Support Matrix
GPU Requirements
Large Language Models are a heavily GPU-limited workflow. All LLMs are defined by the number of billions of parameters that make up their networks. These generative AI examples focus on the Llama 2 Chat models from Meta. These models are available in three different sizes: 7B, 13B, and 70B. All three models perform well, but the 13B model is a good balance of performance and GPU memory utilization.
Model |
GPU Memory Requirement |
---|---|
Llama-2-7B-Chat |
30 GB |
Llama-2-13B-Chat |
50 GB |
Llama-2-70B-Chat |
320 GB |
Llama-2-7B-Chat AWQ Quantized |
30 GB |
Nemotron-8B-Chat-SFT |
100 GB |
These resources can be provided by multiple GPUs on the same machine.

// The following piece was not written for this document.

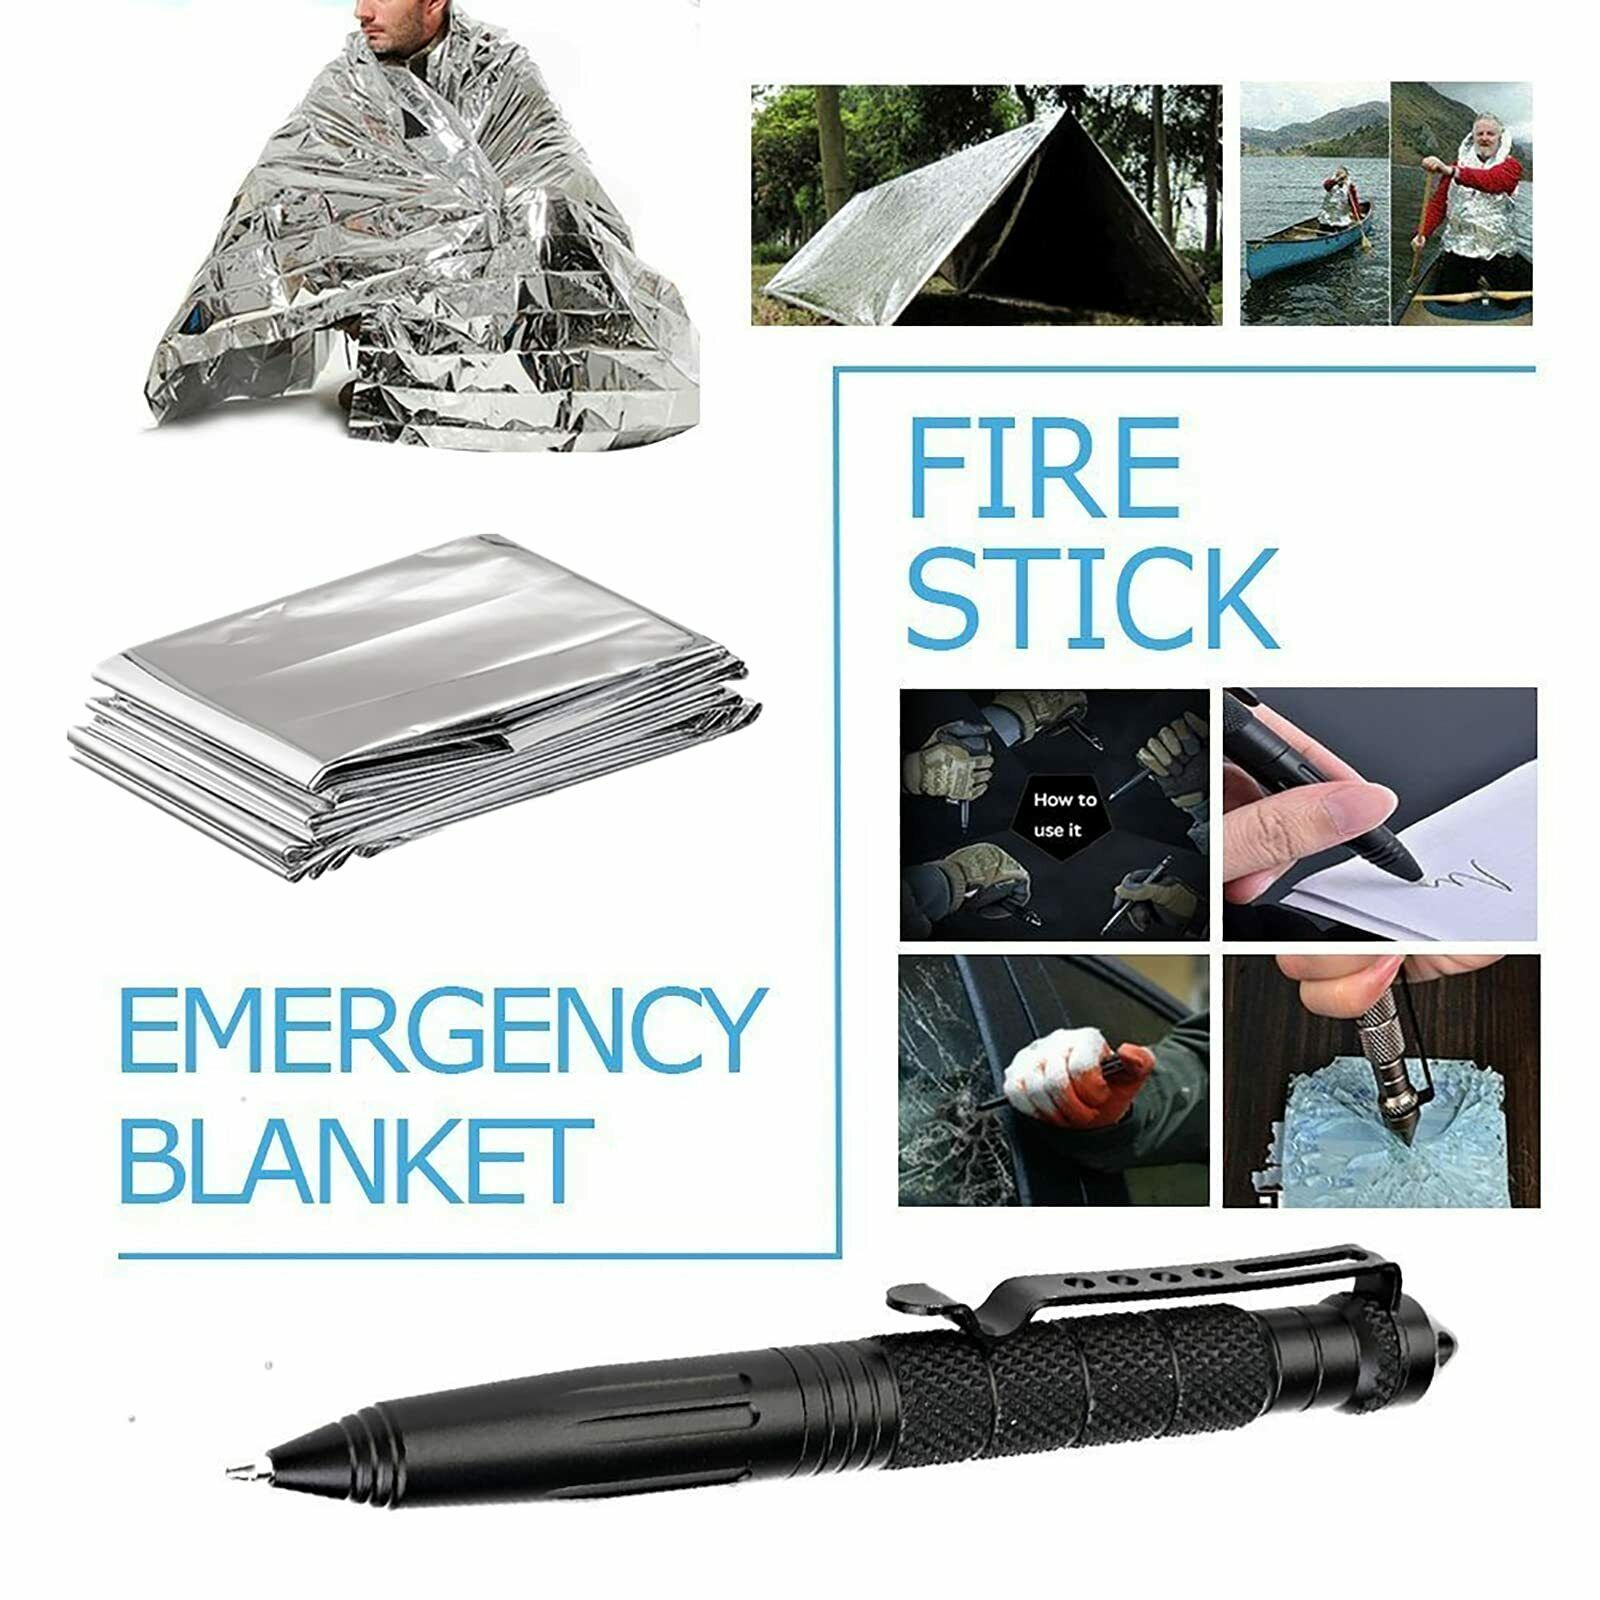 KEPEAK Survival Kit, Survival Gear and Equipment 14 in 1
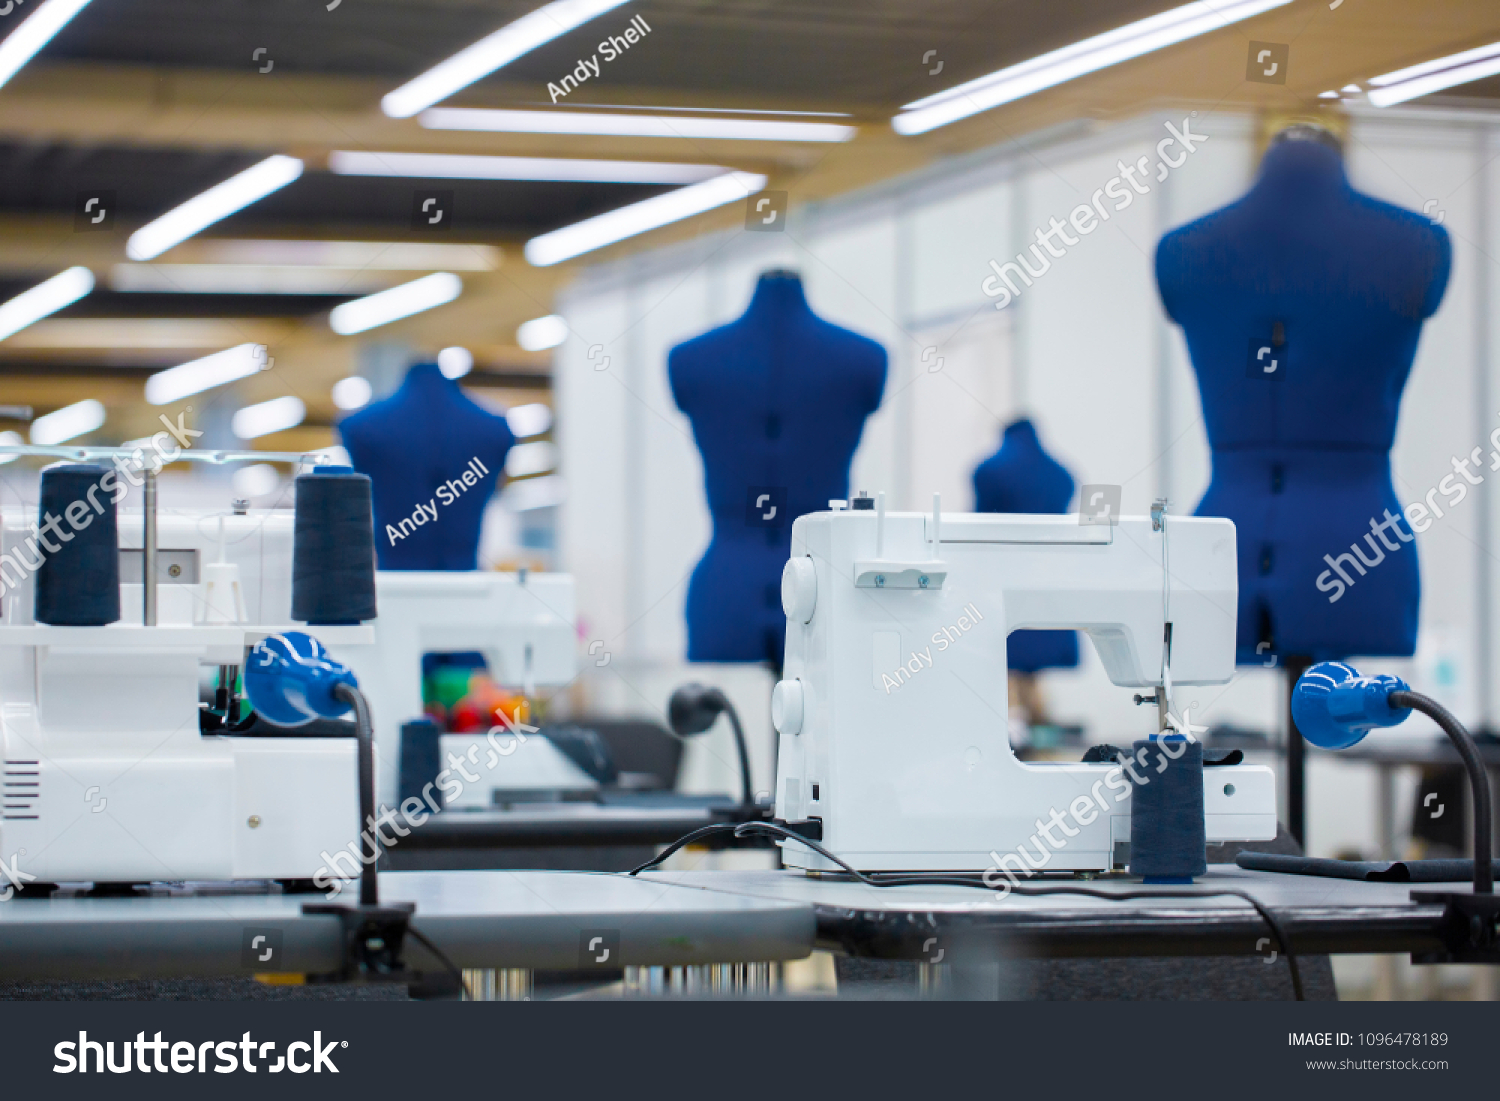 Interior of garment factory . Closes making atelier with several sewing machines. Tailoring industry, fashion designer workshop, industry concept #1096478189

To perform retrieval augmentation, an embedding model is required. The embedding model converts a sequence of words to a representation in the form of a vector of numbers. This model is much smaller and requires an additional 2GB of GPU memory.
In the examples, Milvus is set as the default vector database. Milvus is the default because it can use the NVIDIA RAFT libraries that enable GPU acceleration of vector searches. For the Milvus database, allow an additional 4GB of GPU Memory.
CPU and Memory Requirements
For development purposes, have at least 10 CPU cores and 64 GB of RAM.
Storage Requirements
The two primary considerations for storage in retrieval augmented generation are the model weights and the documents in the vector database. The file size of the model varies according to the number of parameters in the model:
Model |
Disk Storage |
---|---|
Llama-2-7B-Chat |
30 GB |
Llama-2-13B-Chat |
50 GB |
Llama-2-70B-Chat |
150 GB |
Nemotron-8B-Chat-SFT |
50 GB |
The file space needed for the vector database varies by how many documents that you upload. For development purposes, 10 GB is sufficient.
You need approximately 60 GB for Docker images.